• **WHAT IS NEEDED**
Verbatim output of the lines below is required, with the images omitted.

• **DATA BELOW**
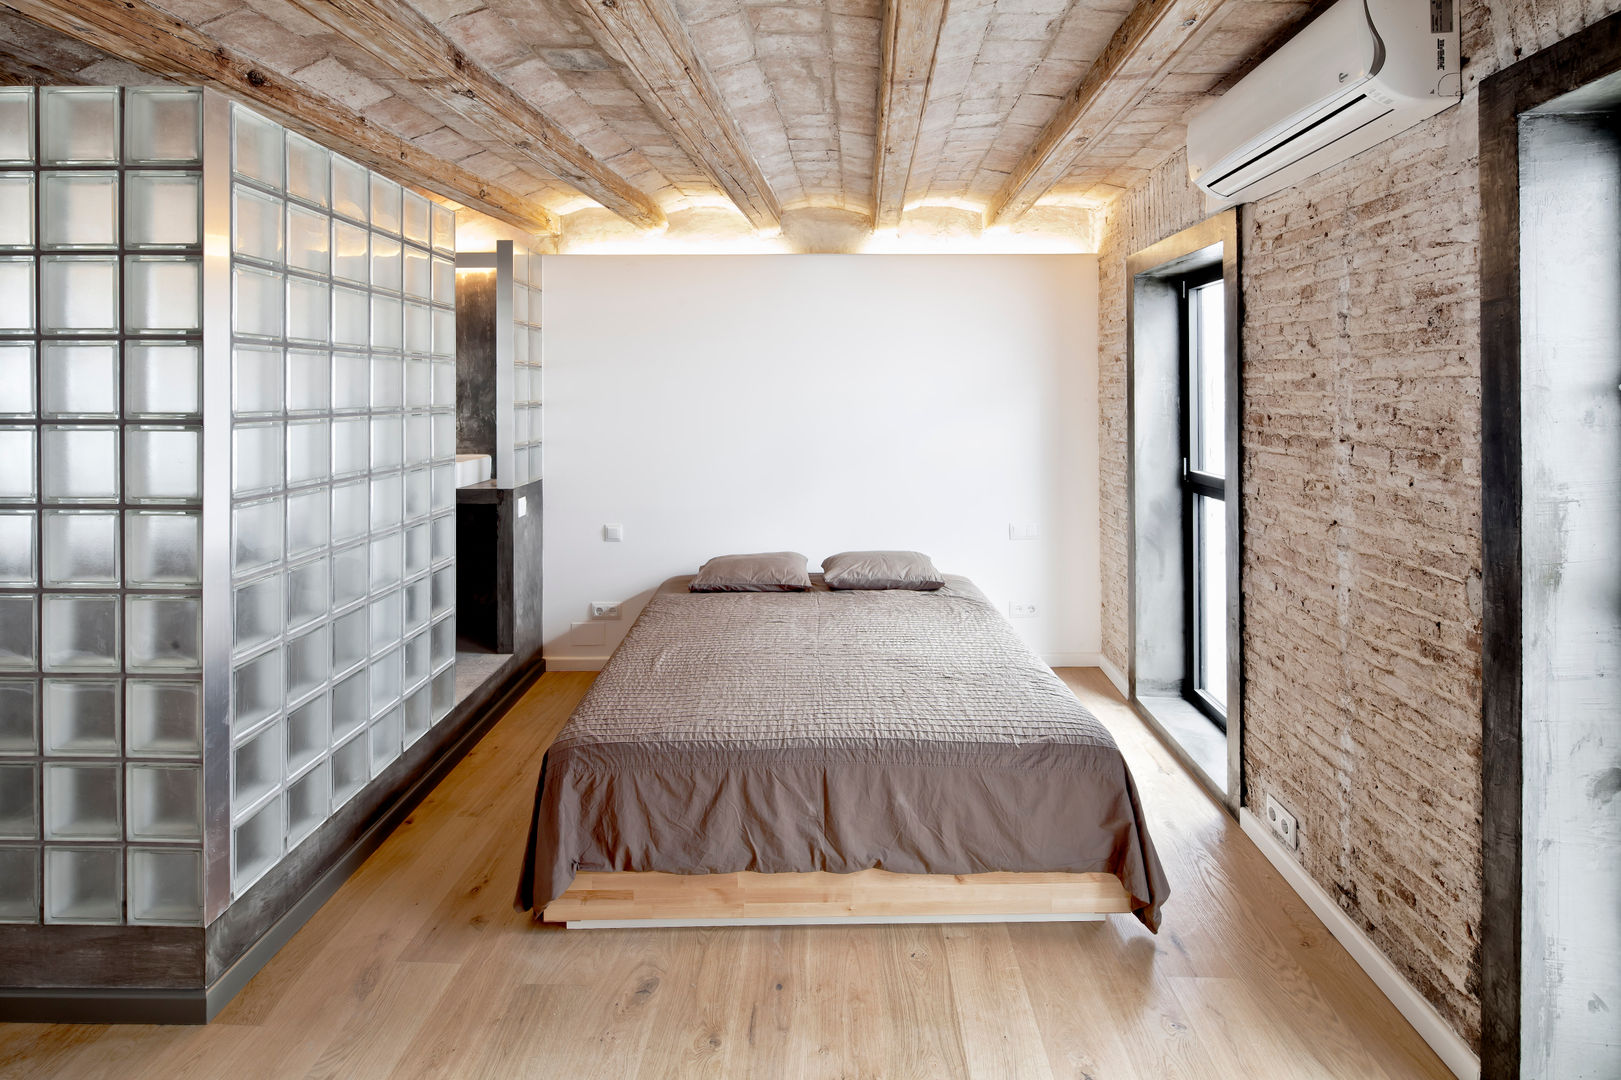 FLAT FOR A PHOTOGRAPHER, Alex Gasca, architects. Alex Gasca, architects. Mediterrane Schlafzimmer
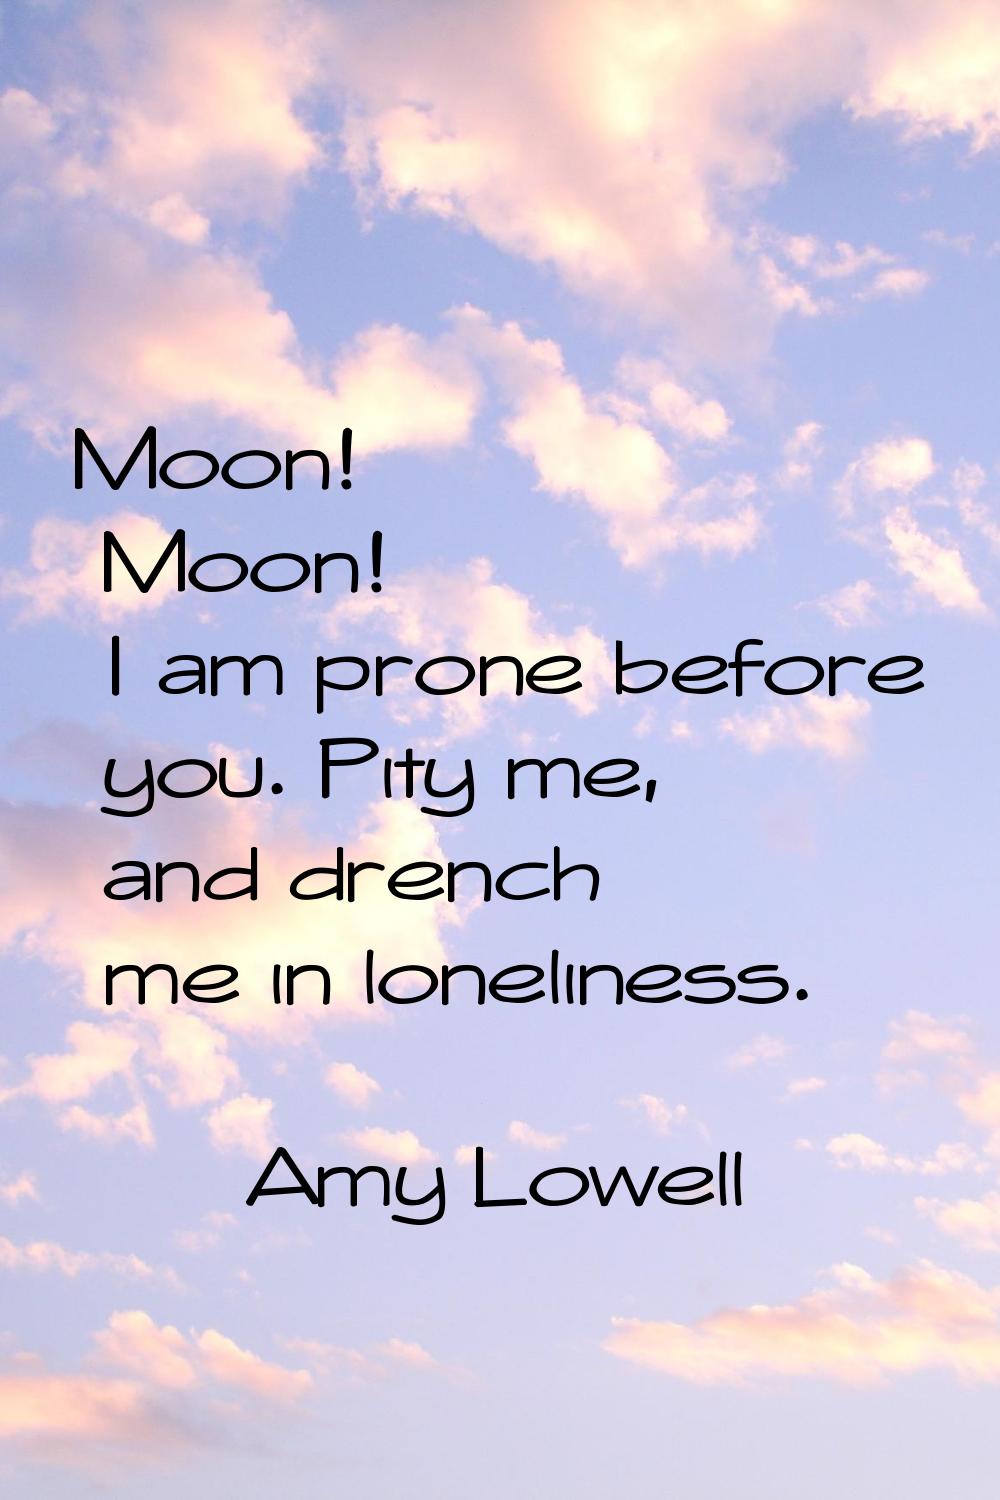 Moon! Moon! I am prone before you. Pity me, and drench me in loneliness.
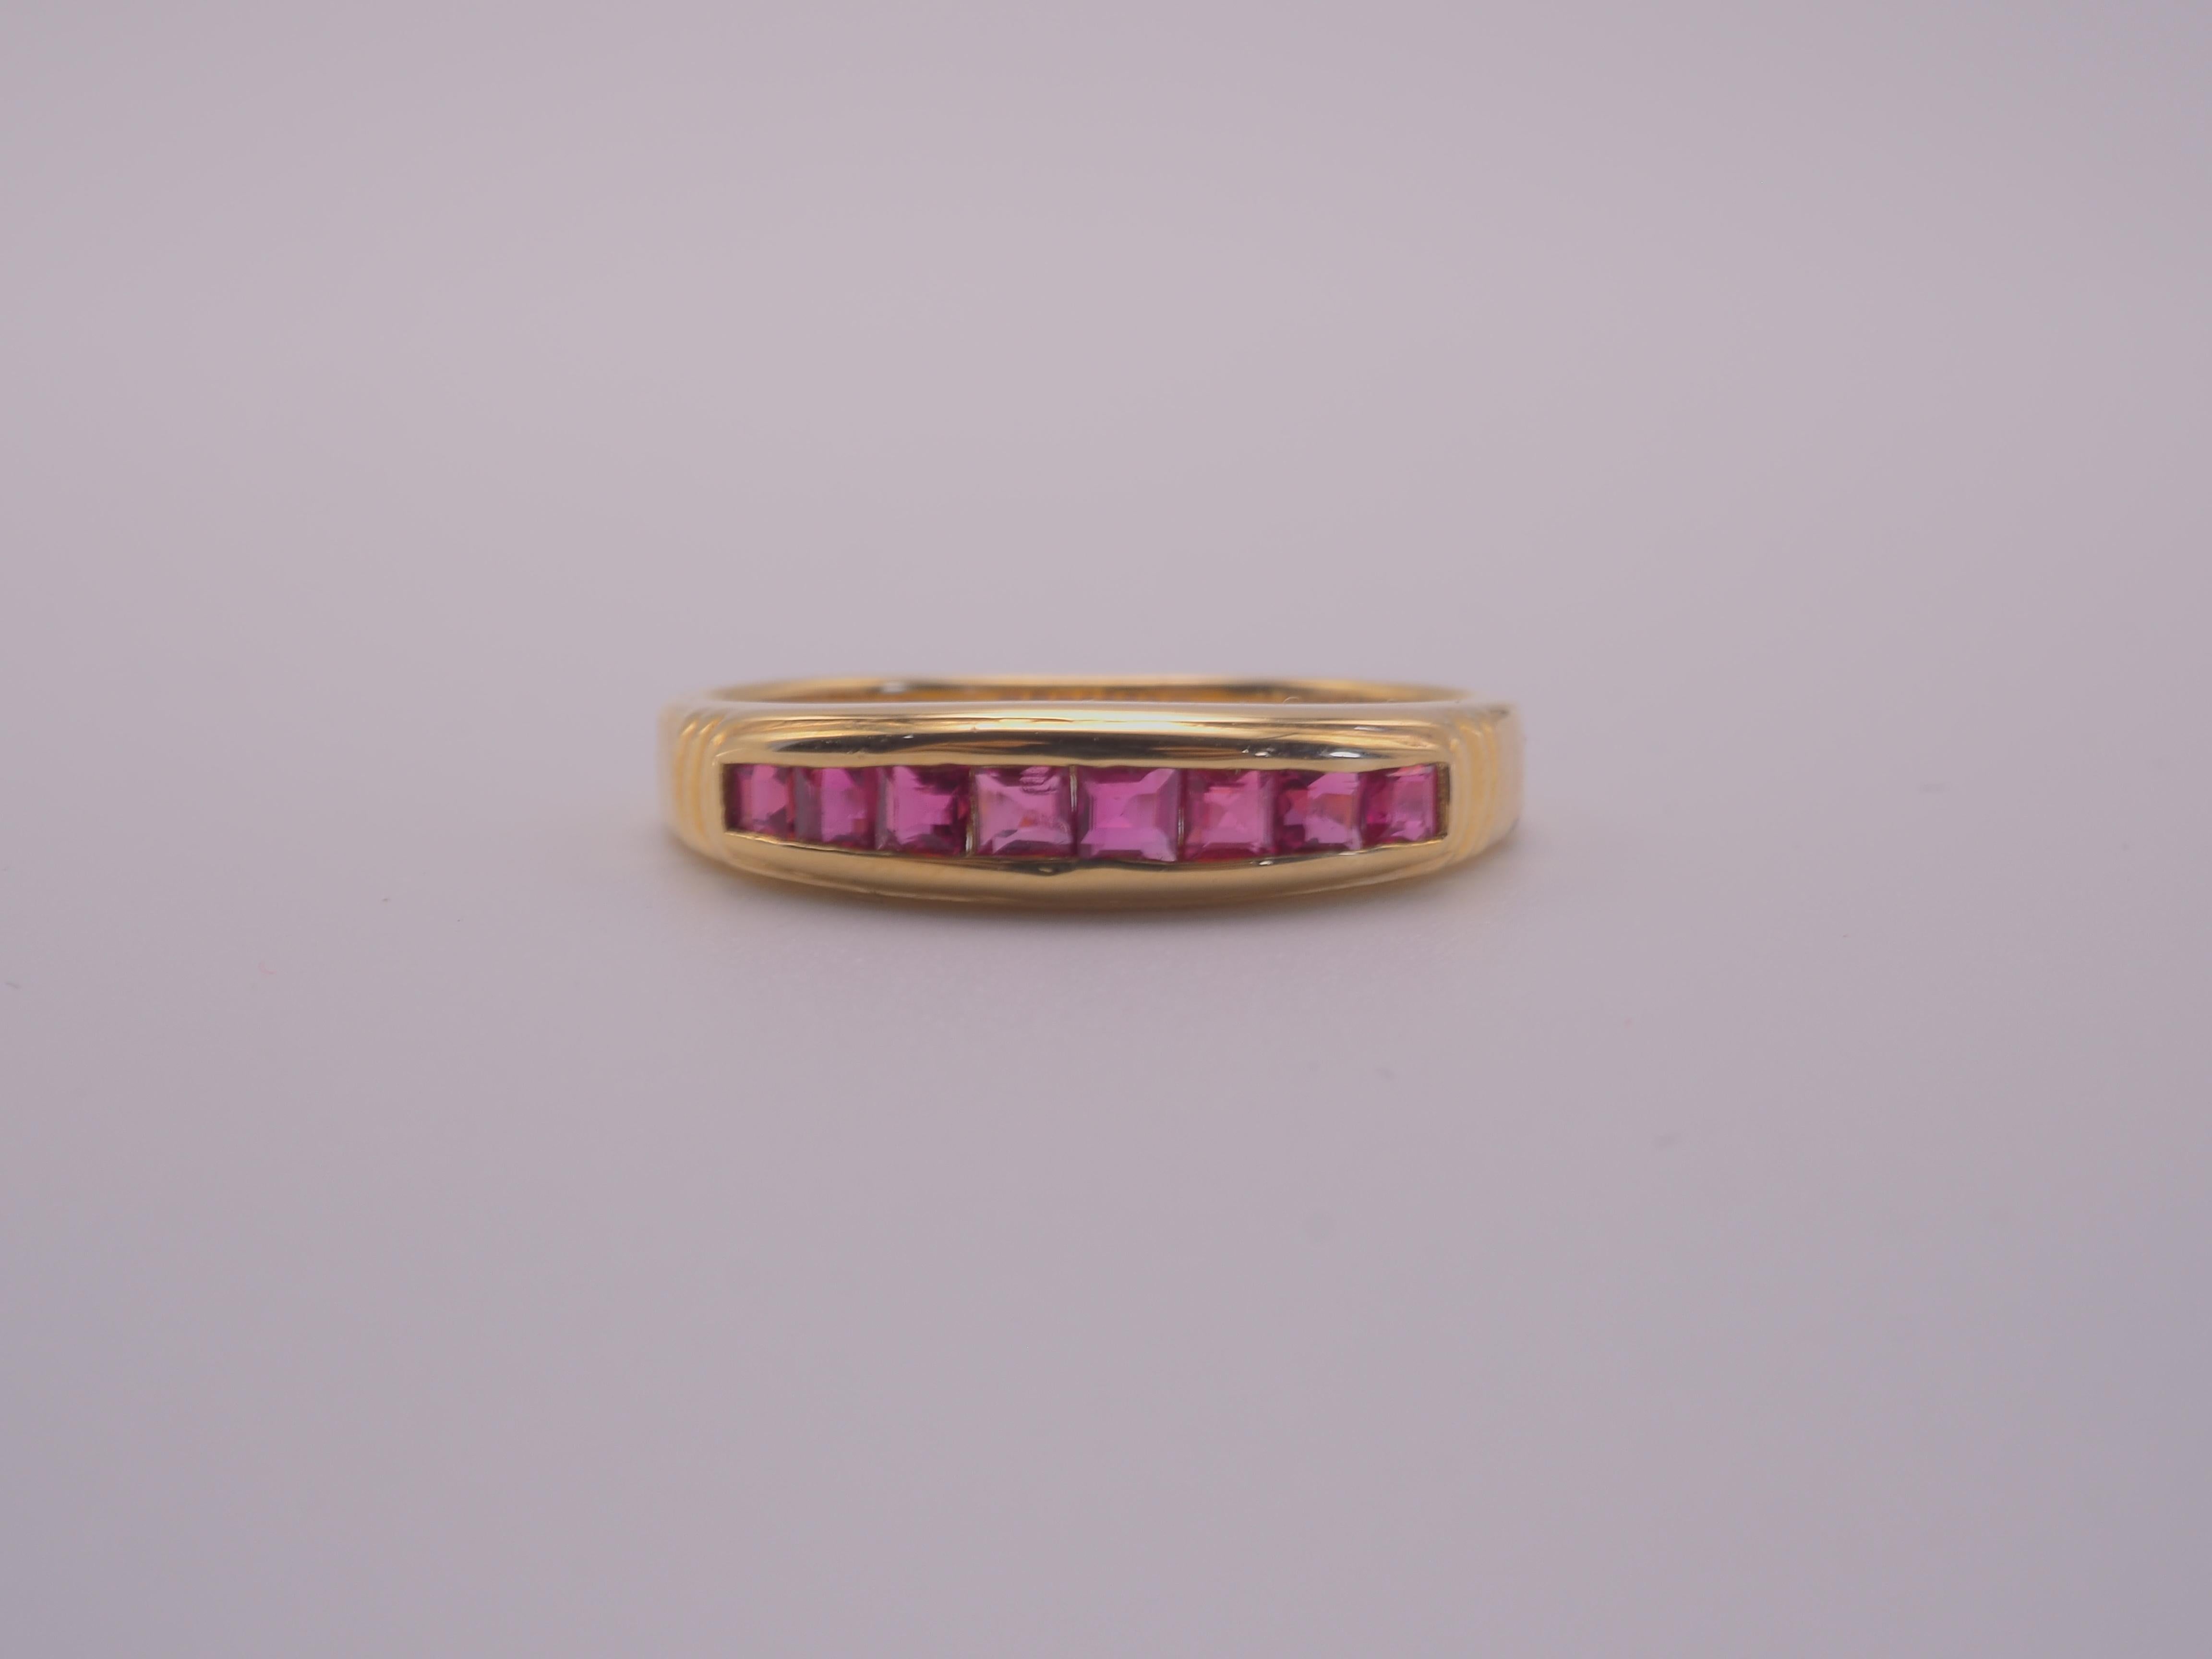 A gorgeous luxury Neo-vintage band ring that is both suitable for all sexes. This ring has one row of 8 beautiful, squared Thai rubies channeled nicely into the band. The square cut rubies vary in sizes and have a beautiful pinkish red hue. This

• **RESULT OF THE TASK**
 FLAT FOR A PHOTOGRAPHER, Alex Gasca, architects. Alex Gasca, architects. Mediterrane Schlafzimmer
 Moon! Moon! I am prone before you. Pity me, and drench me in loneliness.
 A gorgeous luxury Neo-vintage band ring that is both suitable for all sexes. This ring has one row of 8 beautiful, squared Thai rubies channeled nicely into the band. The square cut rubies vary in sizes and have a beautiful pinkish red hue. This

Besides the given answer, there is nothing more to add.